**How to complete this task:** Every picture should be left out, but the lines below must be repeated exactly.

**Available data:**
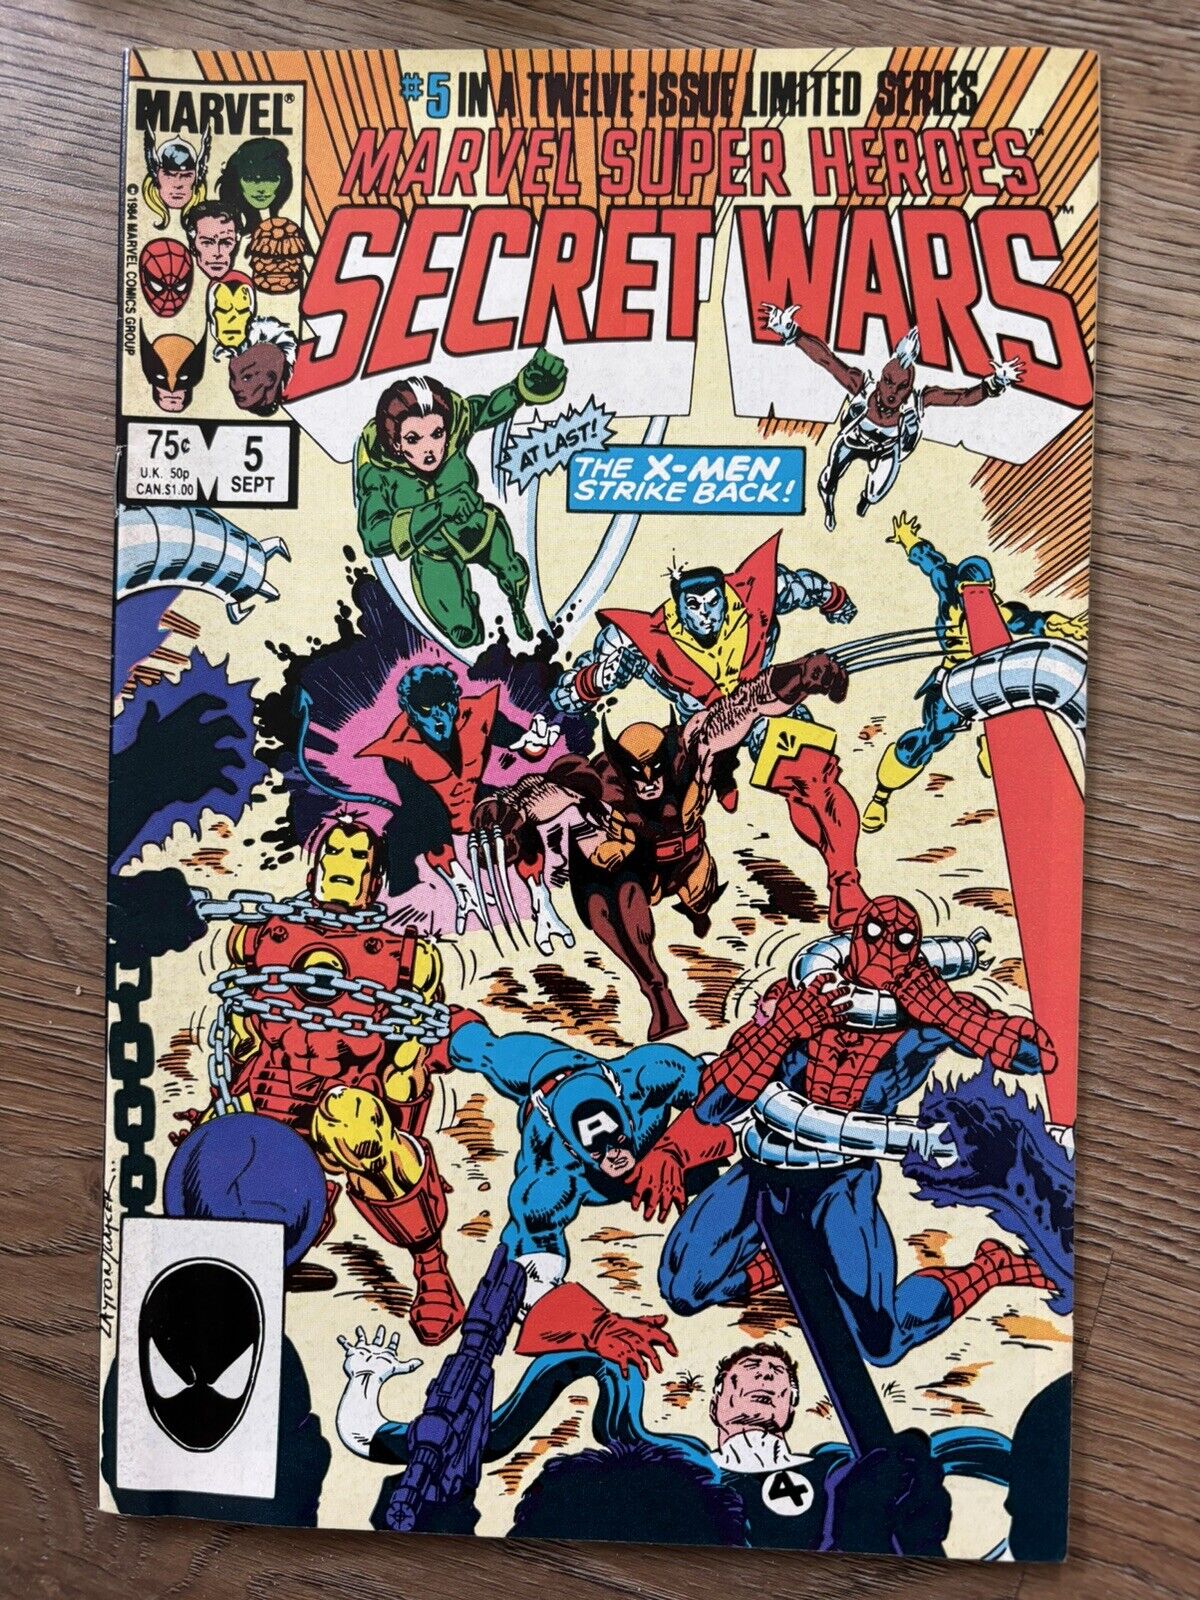 Marvel Super Heroes Secret Wars #5 of 12
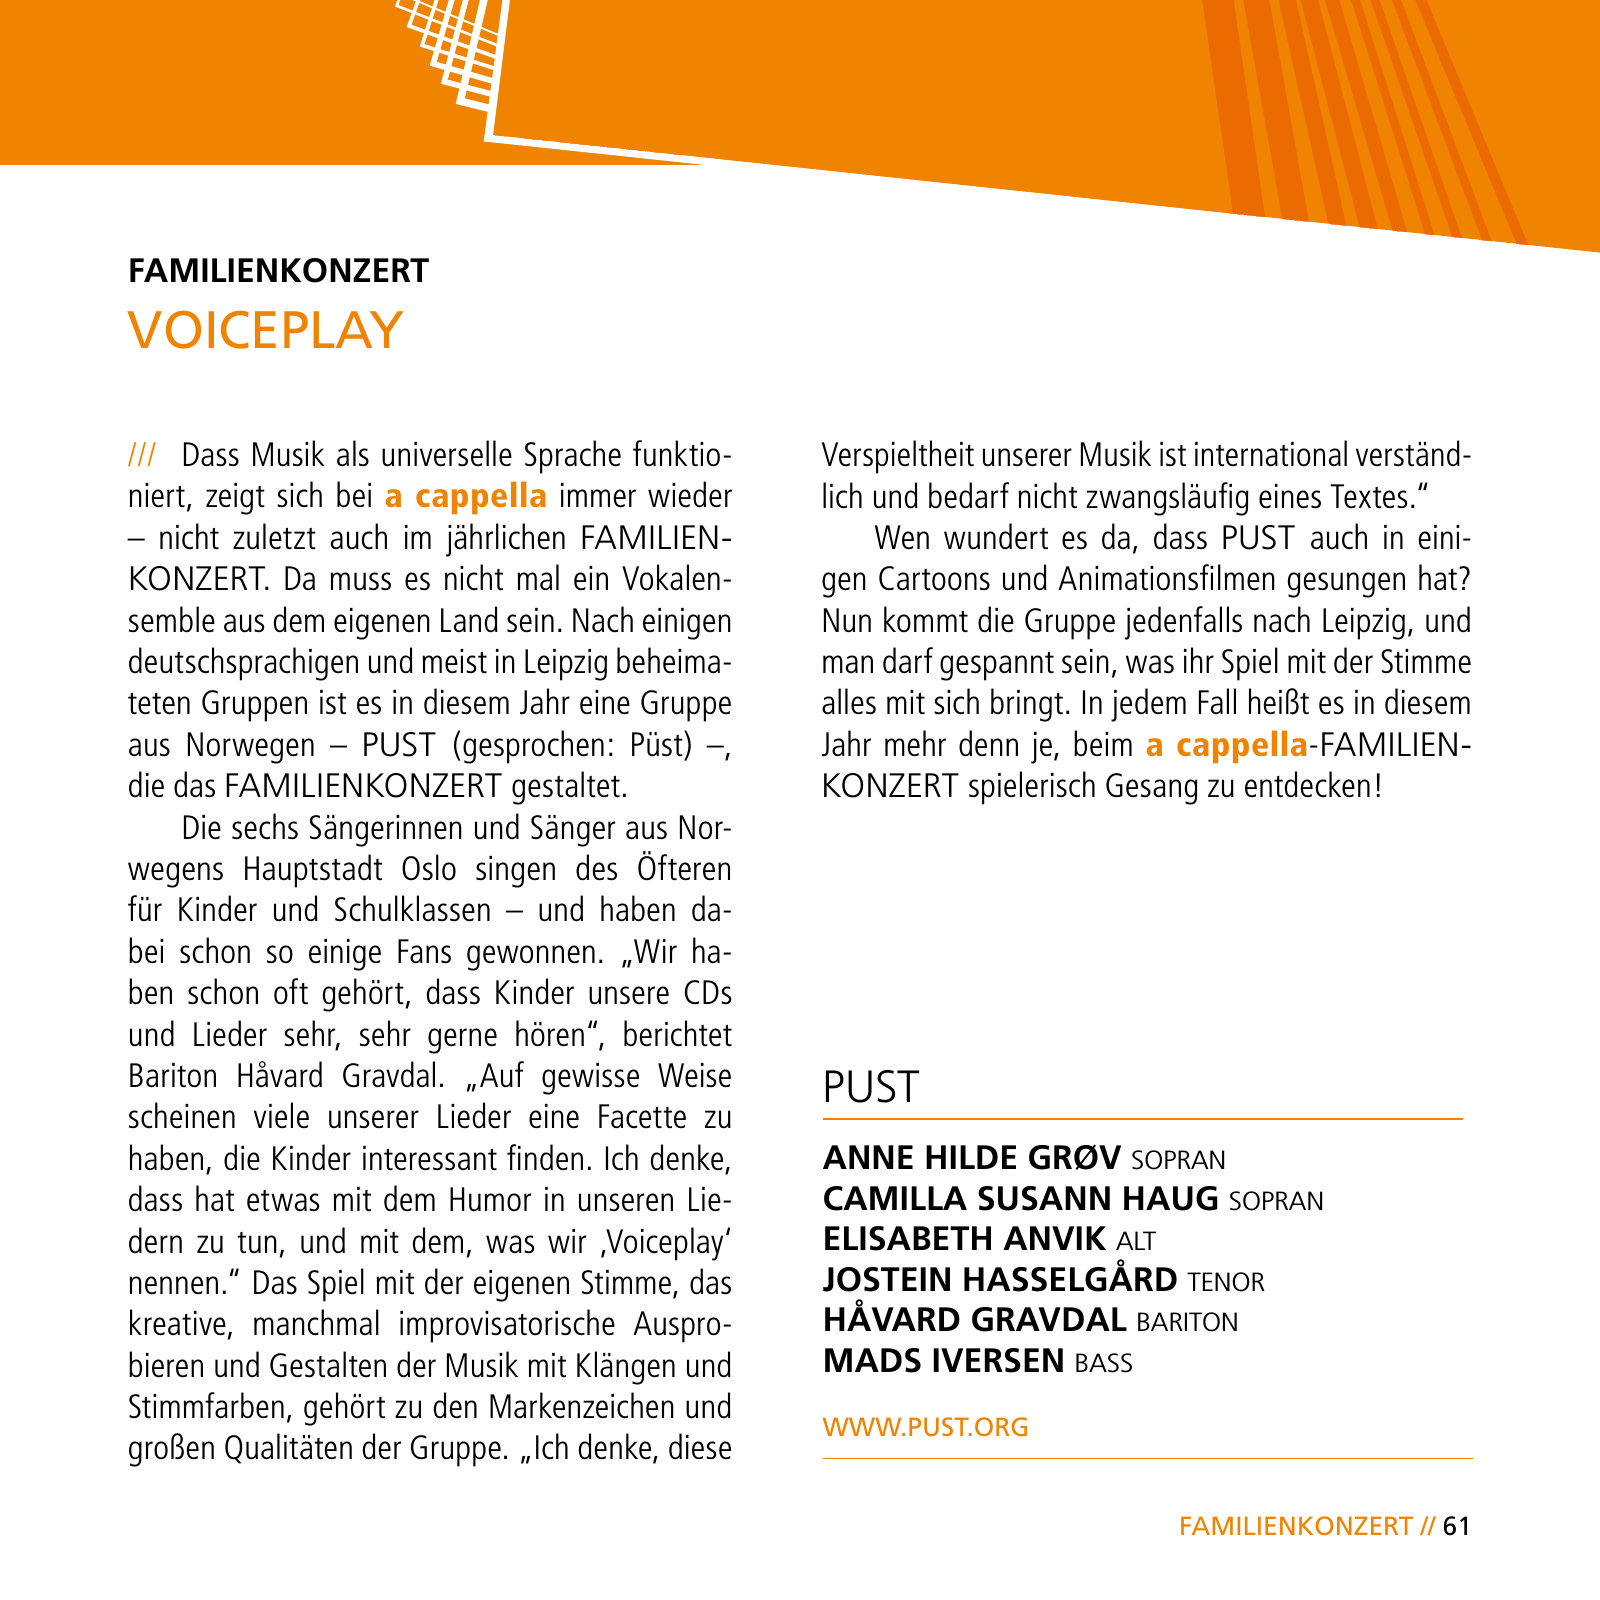 Vorschau E-Paper Festival a cappella 2015 Seite 63
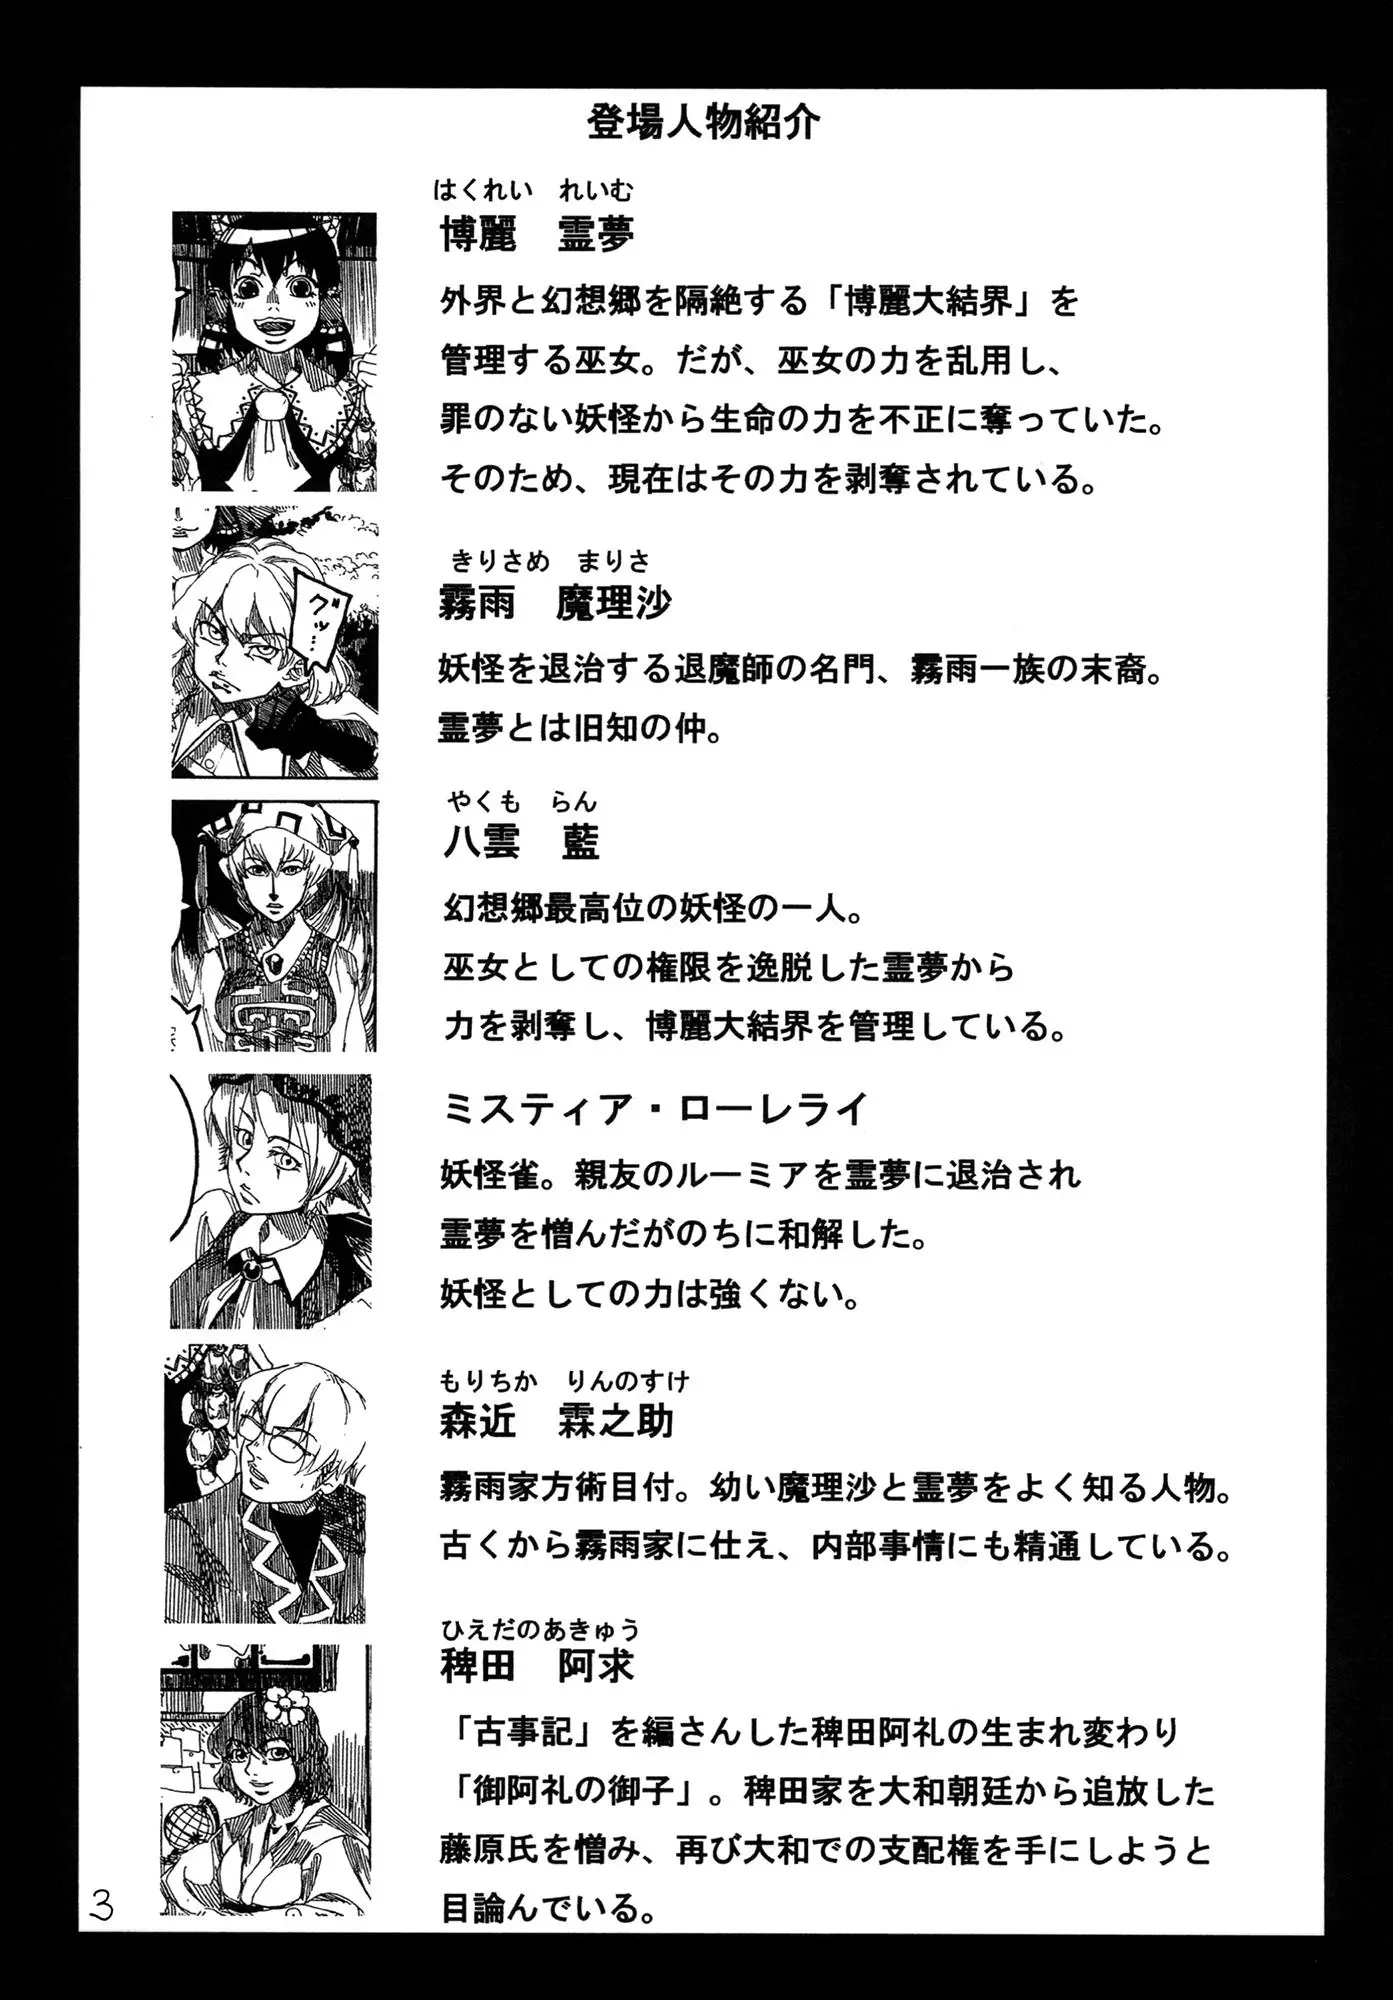 Touhou - Rainmaker (Doujinshi) - 3 page 4-530c9d78
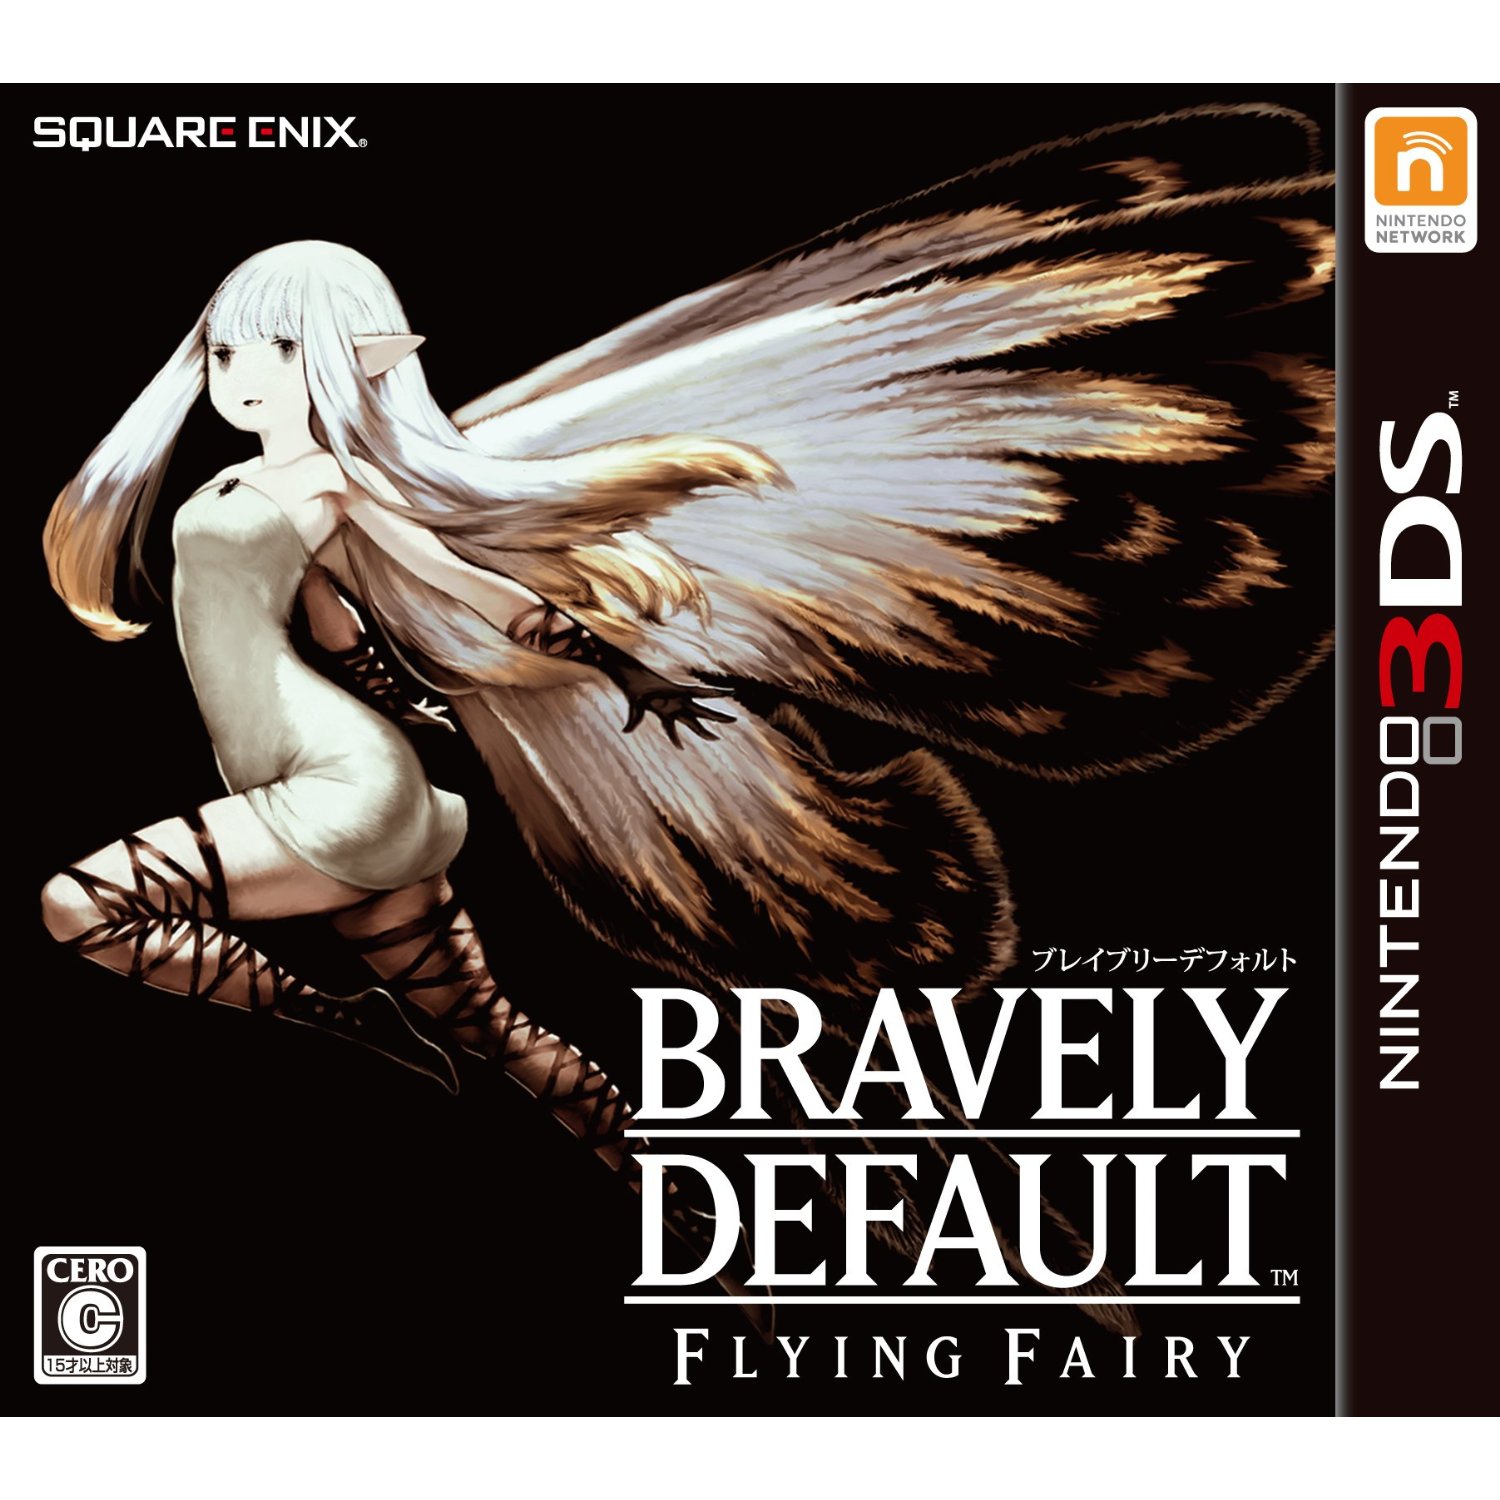 Bravely Default: Flying Fairy boxart

**Task output:**
 Marvel Super Heroes Secret Wars #5 of 12
 Vorschau E-Paper Festival a cappella 2015 Seite 63
 Touhou - Rainmaker (Doujinshi) - 3 page 4-530c9d78
 Bravely Default: Flying Fairy boxart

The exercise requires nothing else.